Single-Pass Huffman Coding

(doisinkidney.com)

31 points | by todsacerdoti 53 days ago

1 comments

  • ptspts 47 days ago
    What is the advantage of this circular implementation?

    Is it faster than the simple one? Does it use less memory? Is it easier to write? Is it easier to understand?

    I think all of the above is false, but I have a limited understanding of Haskell. Please correct me if I'm wrong.

    • TacticalCoder 46 days ago
      > The algorithm isn’t single-pass in the sense of Adaptive Huffman Coding: it still uses the normal Huffman algorithm, but the input is transformed in the same traversal that builds the tree to transform it.

      Limited understanding here too. Sounds like it's not really single pass anyway so it's not usable to process a stream in real-time either, before having all the data?

    • oisdk 44 days ago
      There's no (practical) advantage to the circular implementation; it's just a curiosity.

      It is useful for understanding laziness and some interesting theoretical tools for traversing data structures, though.
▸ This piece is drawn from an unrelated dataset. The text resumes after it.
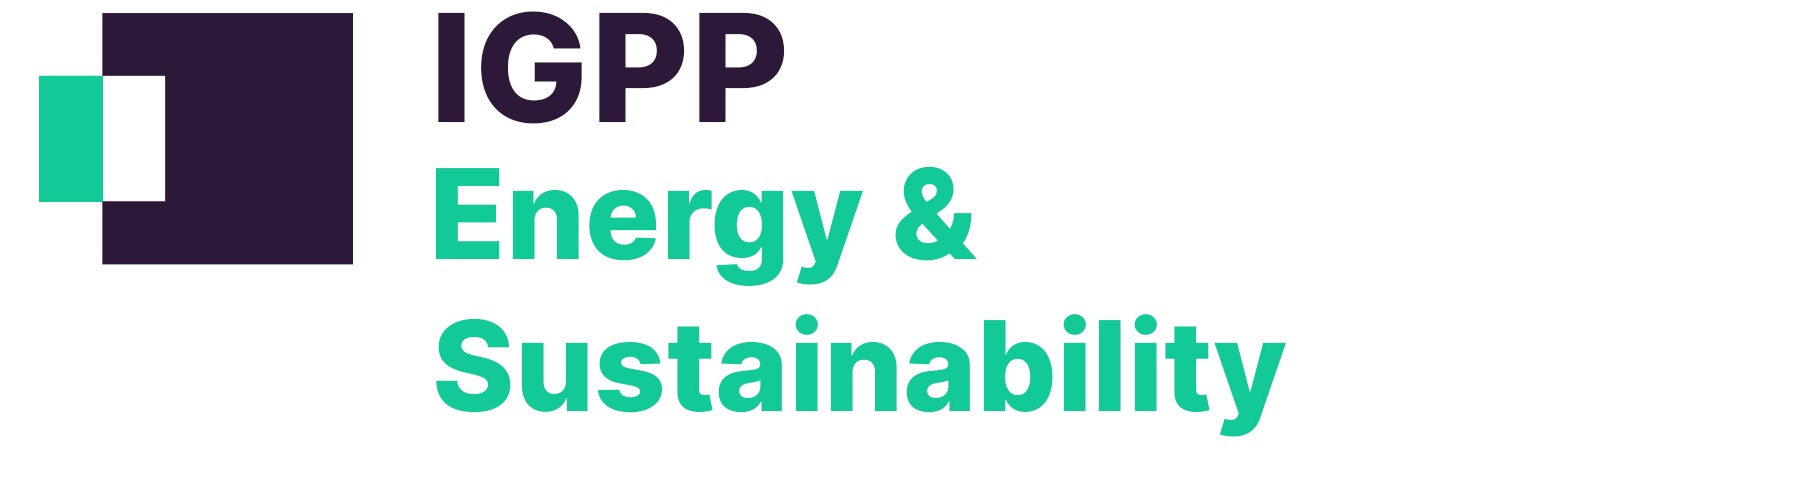 IGPP Construction and Build Environment sub brand logo

For a more in-depth look at the idea of circular programs for traversal, Bird's paper (linked in the post, https://link.springer.com/article/10.1007/BF00264249) is a good start.

    • viraptor 46 days ago
      It's a weird claim about a single pass too. It's more of a "let's replace some iteration with building a tree of functions to call" and then pretends waking/executing that is not another pass.